▶ _Task directions_: Leave the pictures behind and reproduce every line of the listing exactly.

++++ Source data ++++

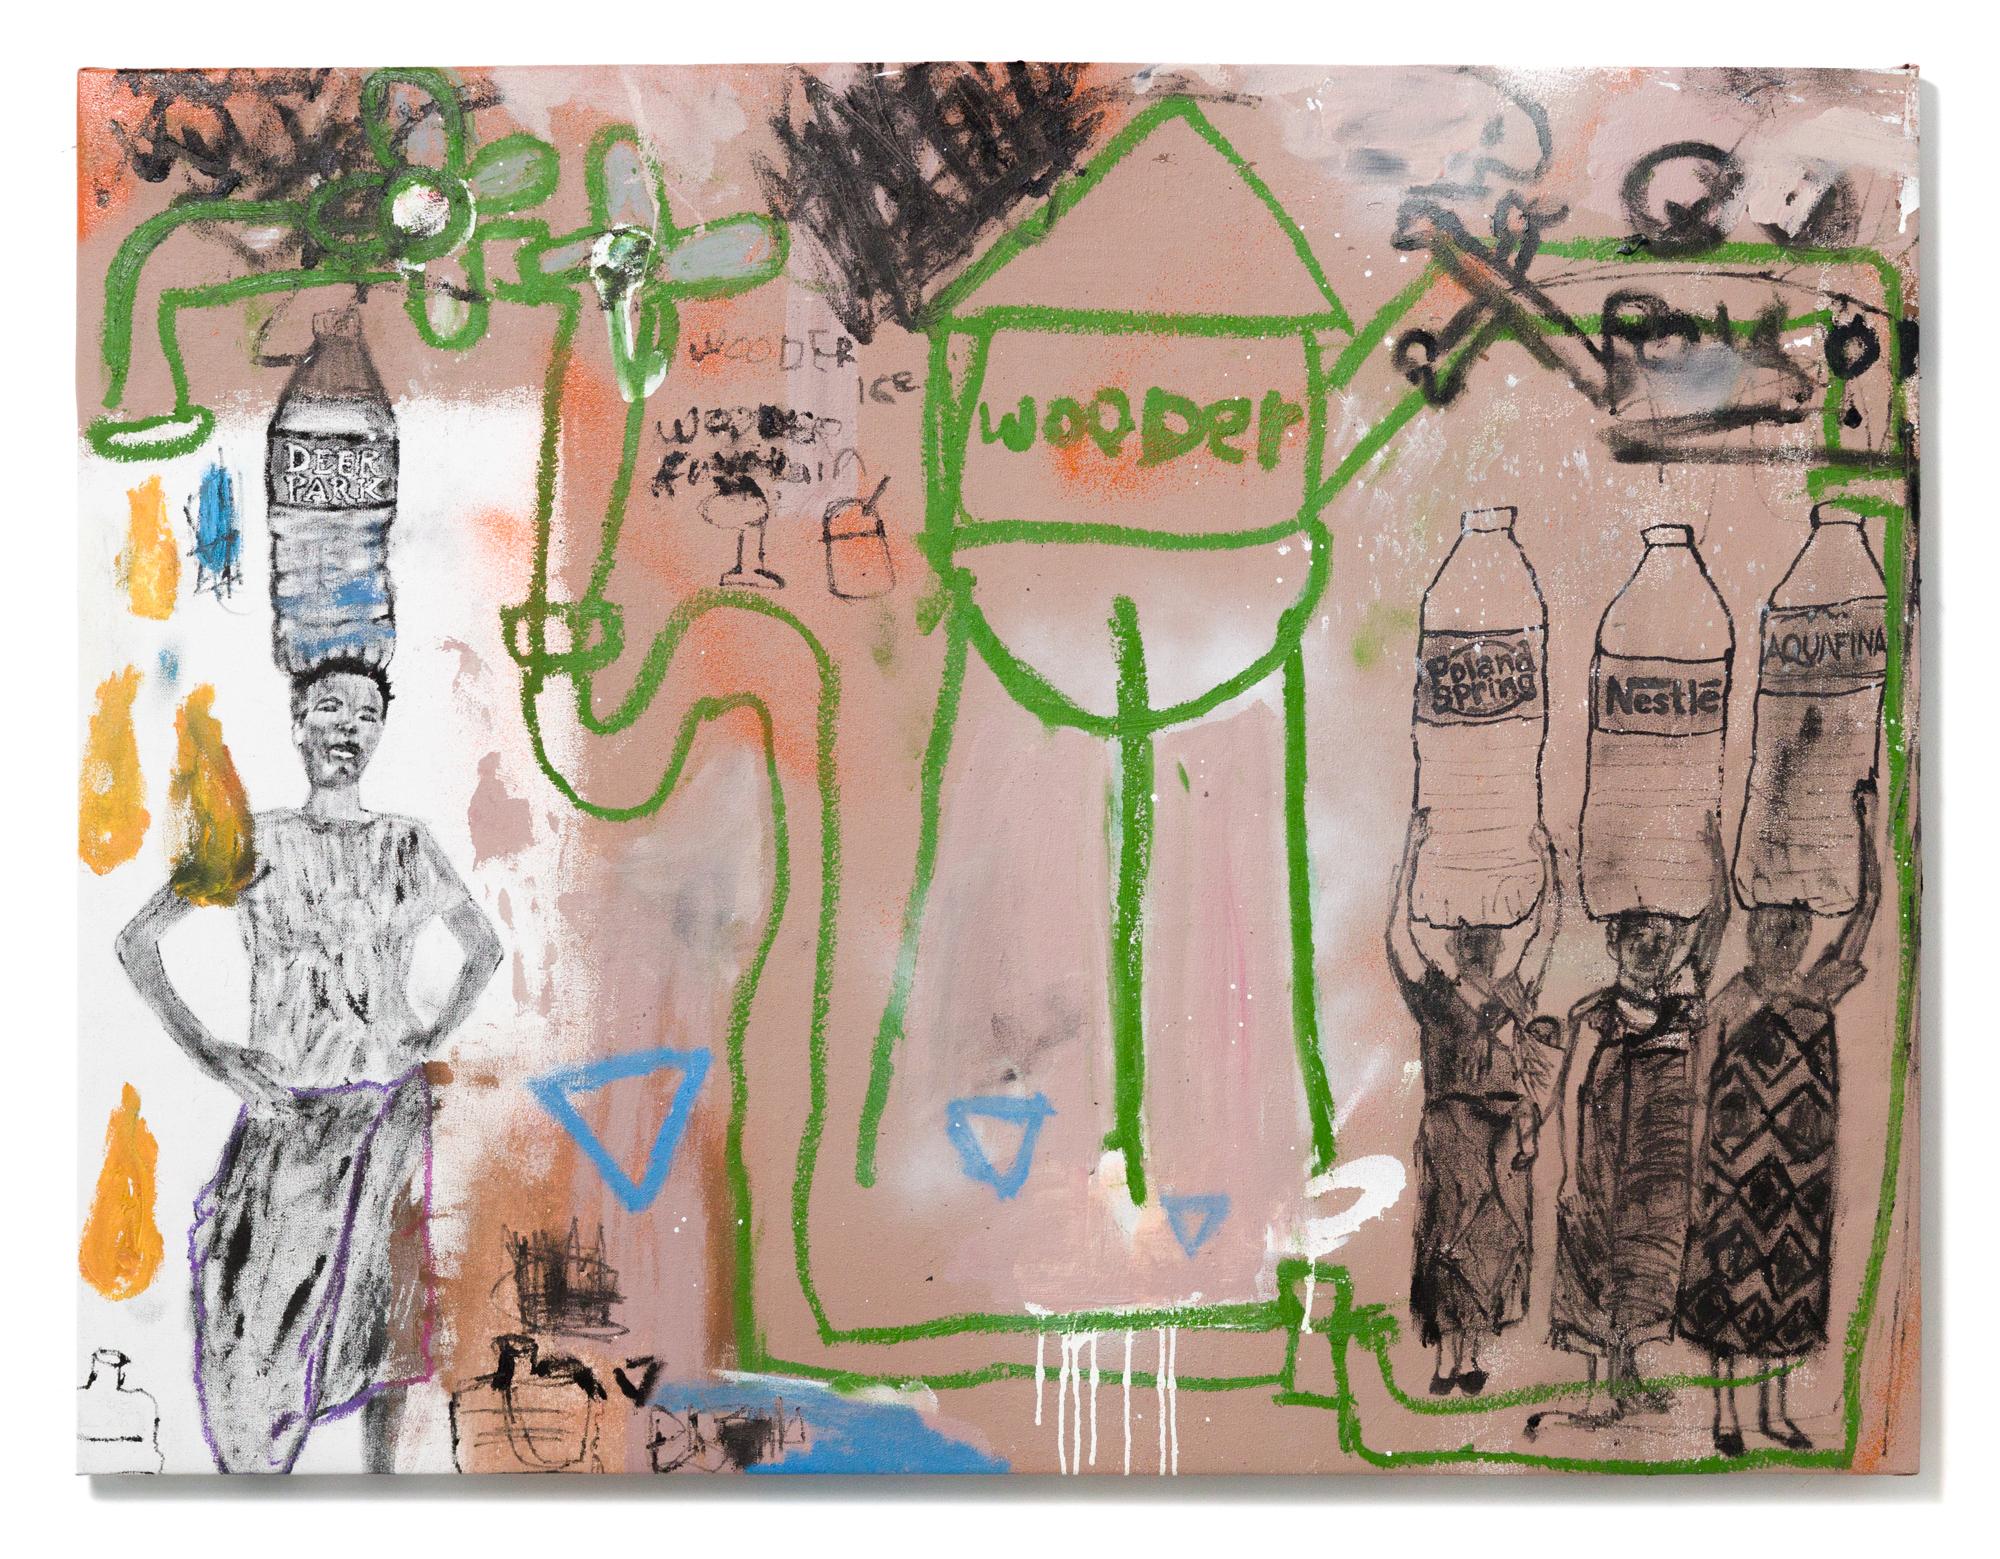 « Third World Tendencies »  Tour d'eau, urbaine, figures, commentaire culturla - Contemporain Mixed Media Art par Caff Adeus
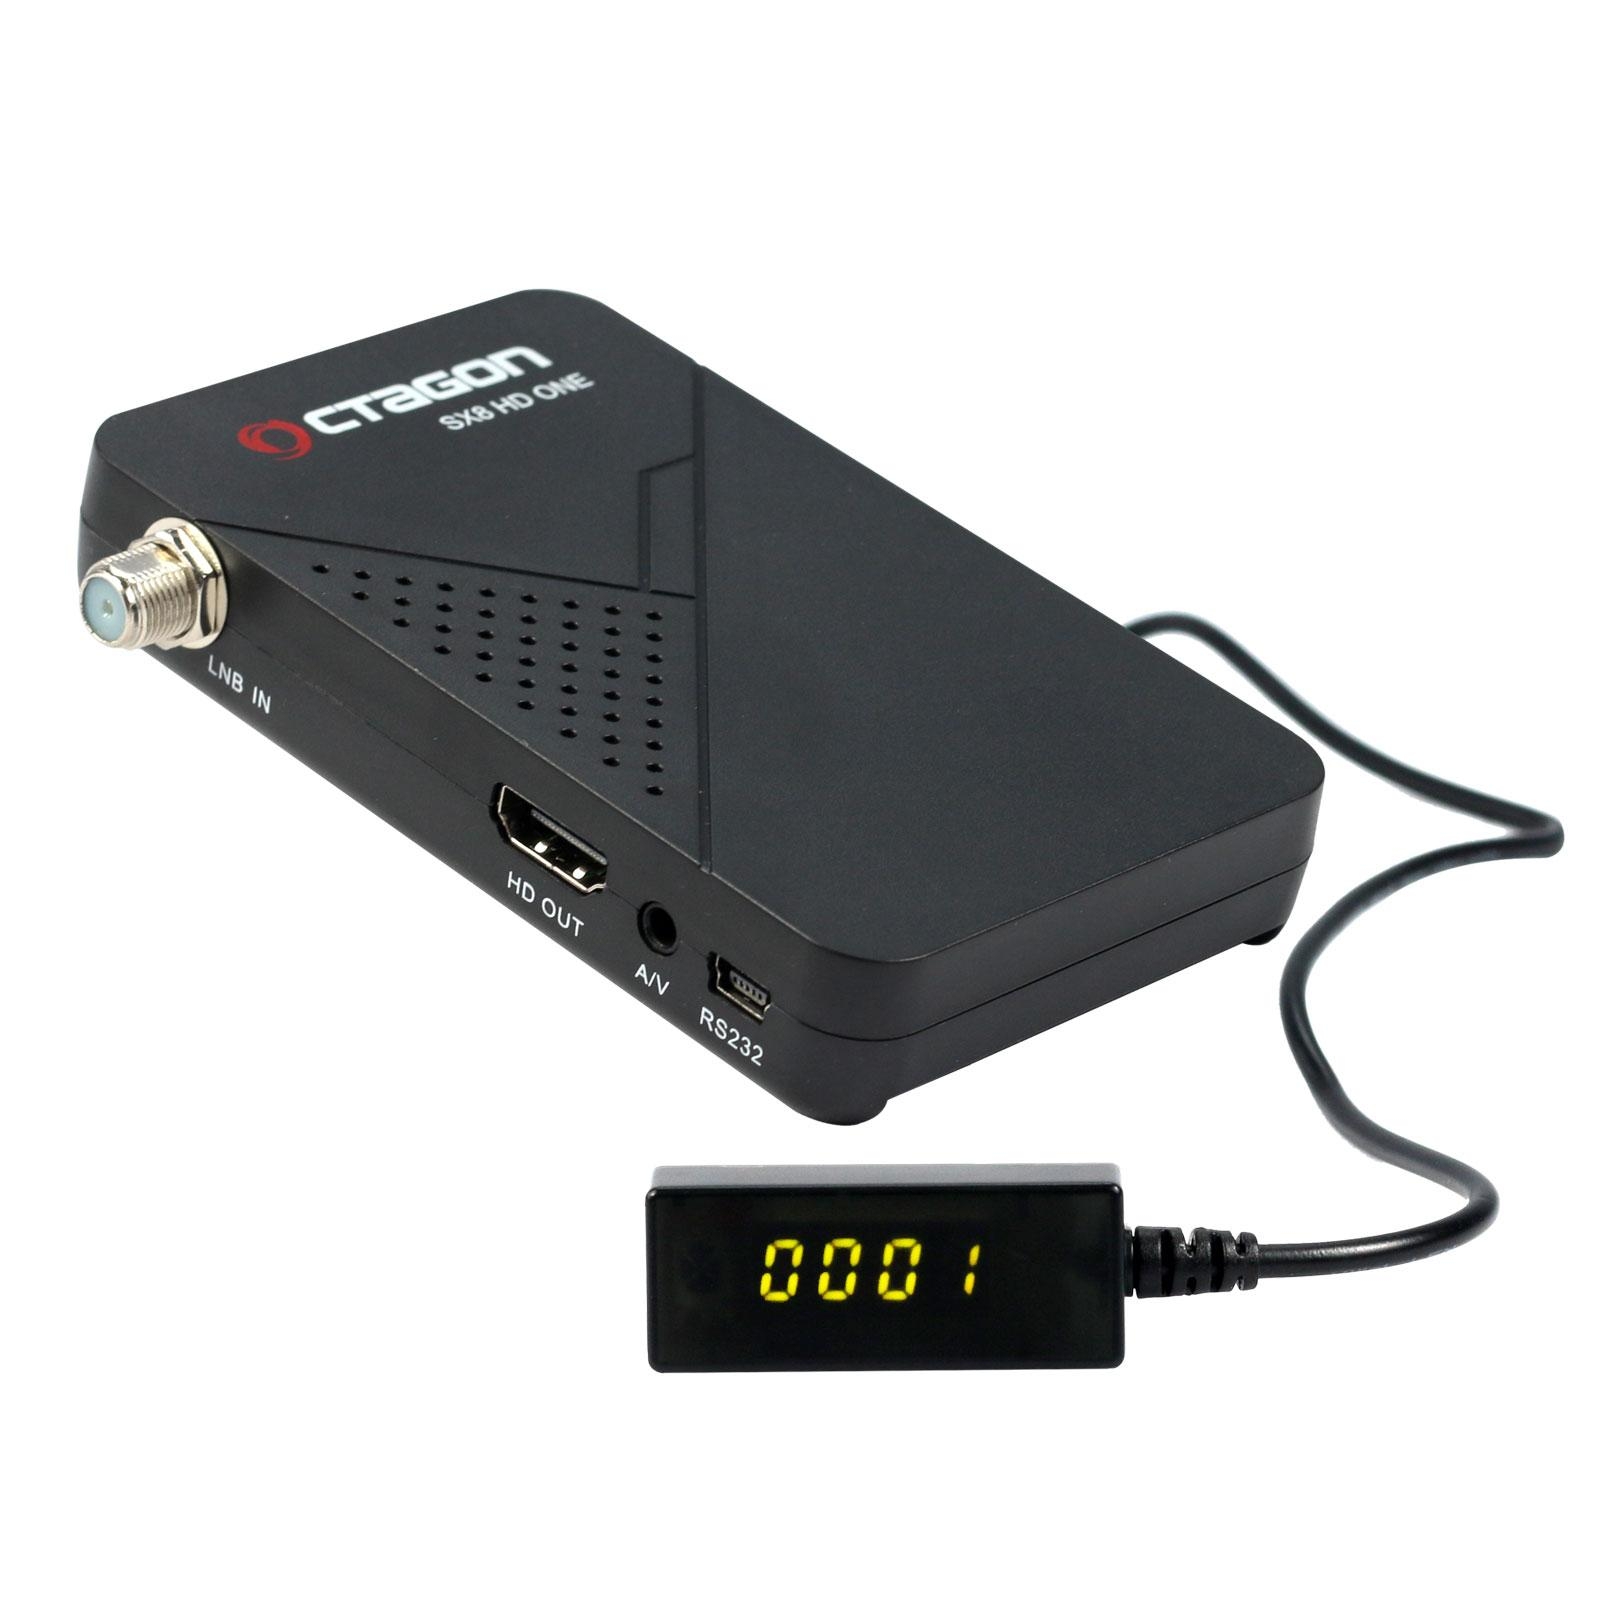 Octagon SX8 Mini Full HD DVB-S2 Multistream FTA Sat Receiver incl. USB Wlan 150 Mbit mit Antenne
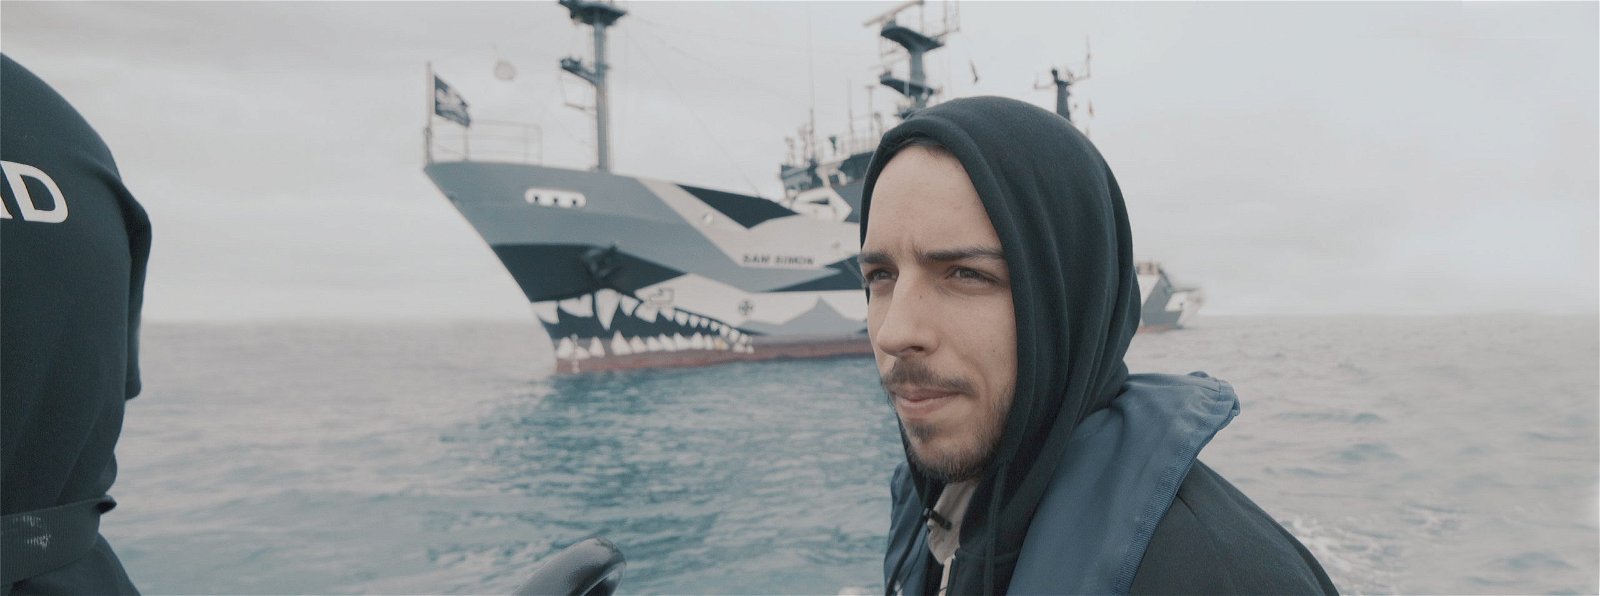 Ali Tabrizi on a boat
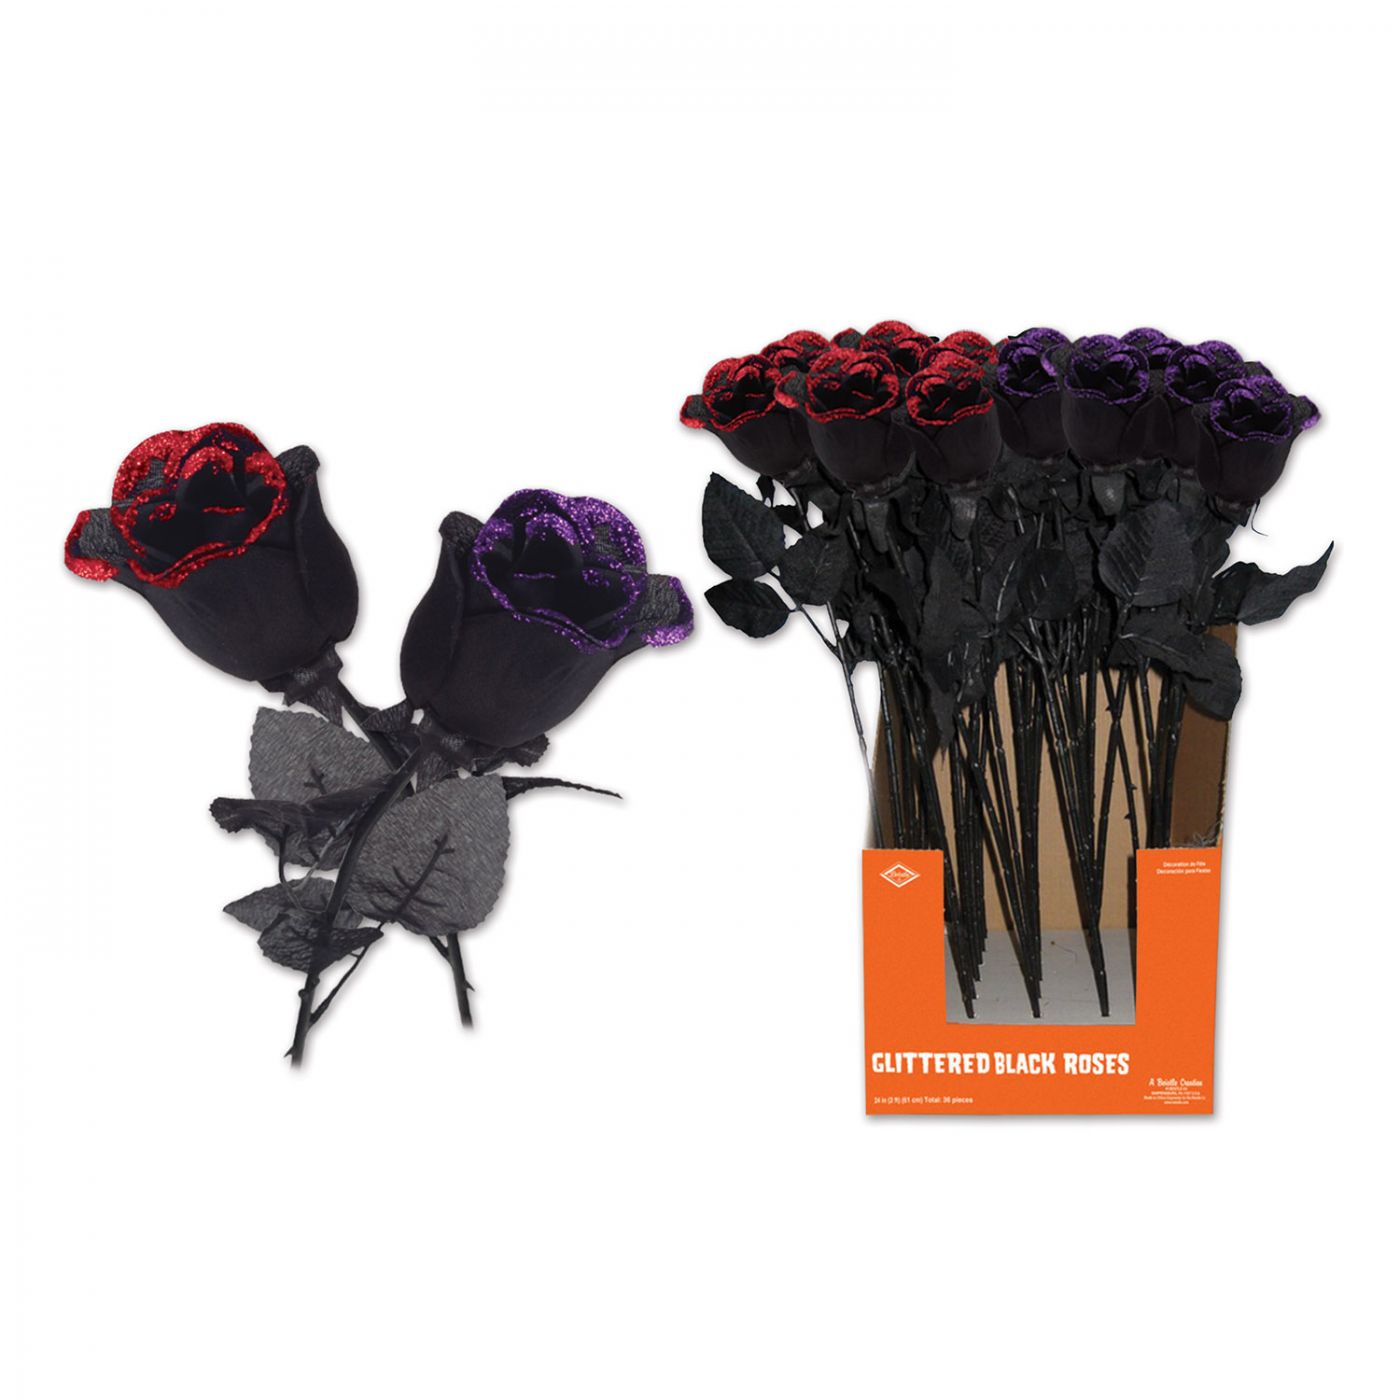 Glittered Black Roses (36) image

++++

▶ _Worked solution_:
 « Third World Tendencies »  Tour d'eau, urbaine, figures, commentaire culturla - Contemporain Mixed Media Art par Caff Adeus
 Octagon SX8 Mini Full HD DVB-S2 Multistream FTA Sat Receiver incl. USB Wlan 150 Mbit mit Antenne
 Ali Tabrizi on a boat
 Glittered Black Roses (36) image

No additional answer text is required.